The result is a list of 3 figures: the number of 1s achieved (0 … 25), how often this result was achieved during the run, and the theoretical number of such results.

Trying with 100000 samples of size 25 there is a good correspondence between measurement and theory. So, there is no issue with small sample sizes, if the seed is choosen randomly.

ADDITION: It works the same way when you omit the use_random_seed line. It’s not needed to proove that small samples are ok

1 Like

Pardon my math, but I don’t follow you here. I’m asking if the chances of true are 52% on every trial, what are the odds (1 in how many) that 100 consecutive trials will be more than 60% true? When you post “Result: 0”, I don’t know what you’re referring to.

For example, a parallel with slightly different numbers: the chances of a coin flip coming up heads is 50%. The odds of getting heads 10 times in a row is 1 in 1024–I know how to calculate that because it’s easy. So then, if I do 25-flip trials, what are the odds that 100 consecutive of these 25-flip trials produce 15 or more heads? I don’t know how to do that (without a good bit of studying).

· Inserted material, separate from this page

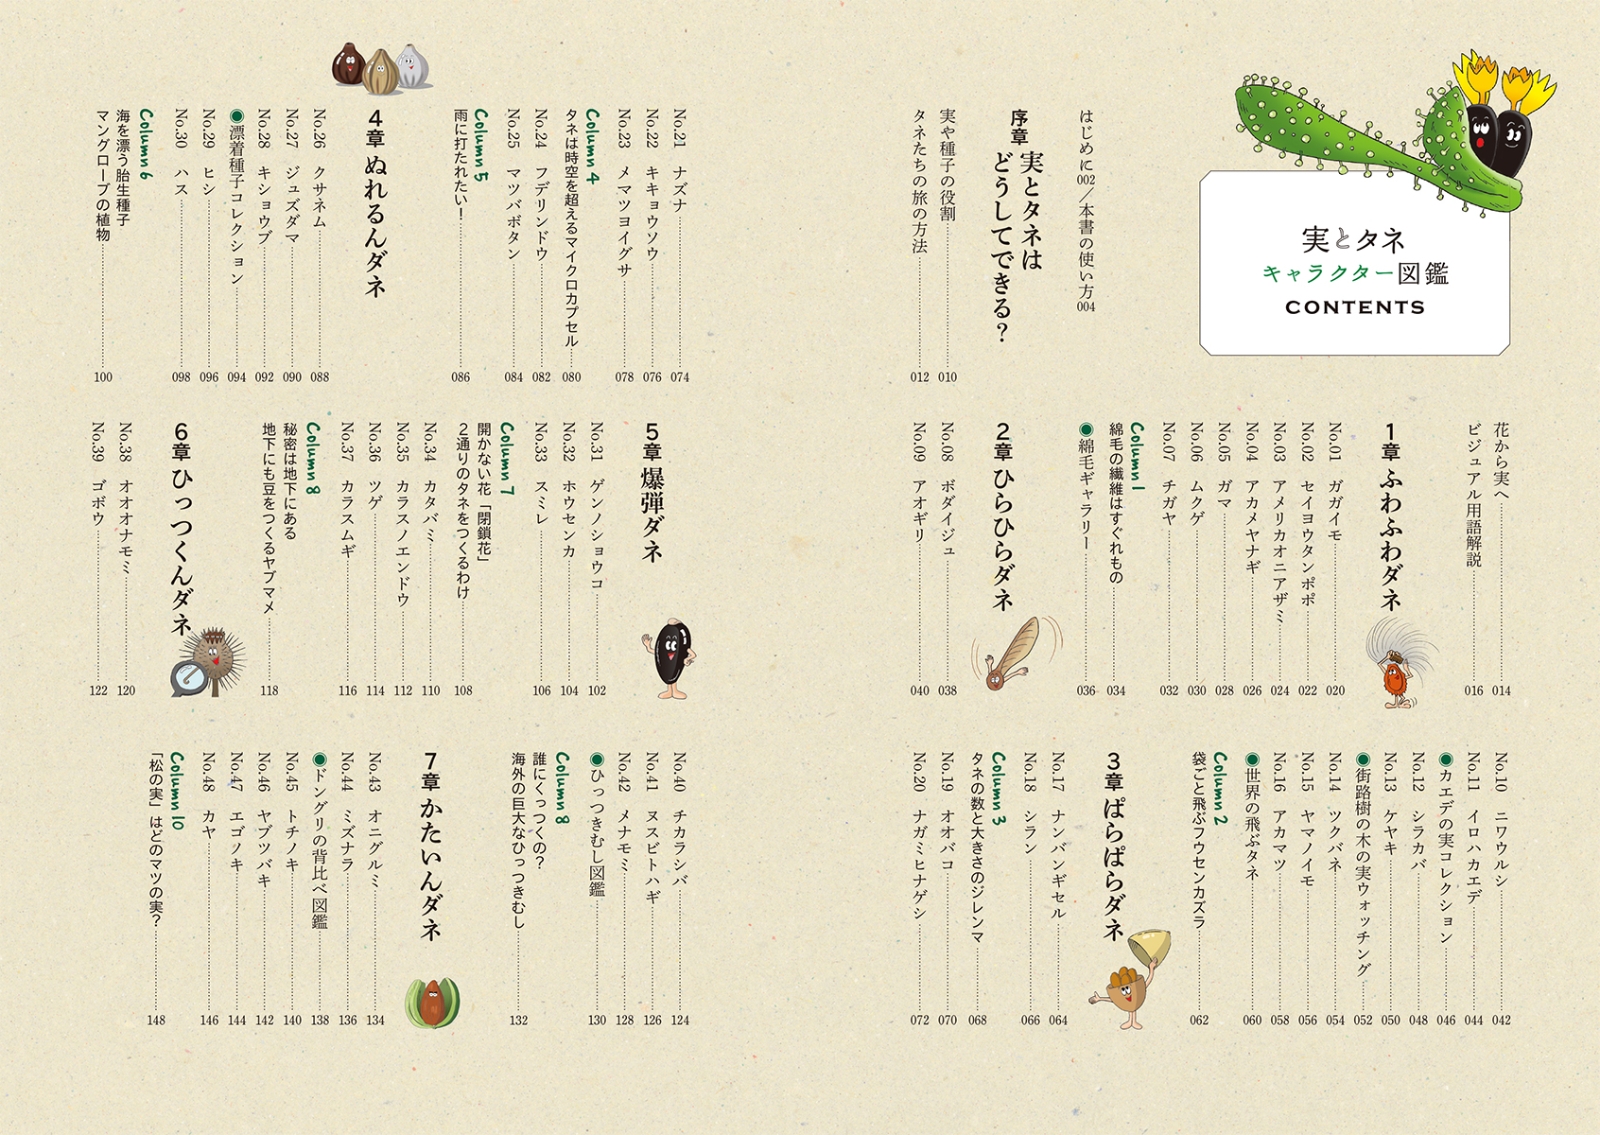 楽天ブックス 実とタネキャラクター図鑑 個性派植物たちの知恵と工夫がよくわかる 多田 多恵子 本

To complete the analogy, say I have a bad coin that comes up heads 52% of the time. What are the odds that 100 consecutive 25-flip trials produce 15 or more heads? I don’t know how to do that.

How is the seed chosen in each of those trials? If the seed is random and independent in each trial, that would be a very low probability, but if the seed is the same each time, or highly correlated (e.g. Time.now.to_i) then it could be pretty likely.

1 Like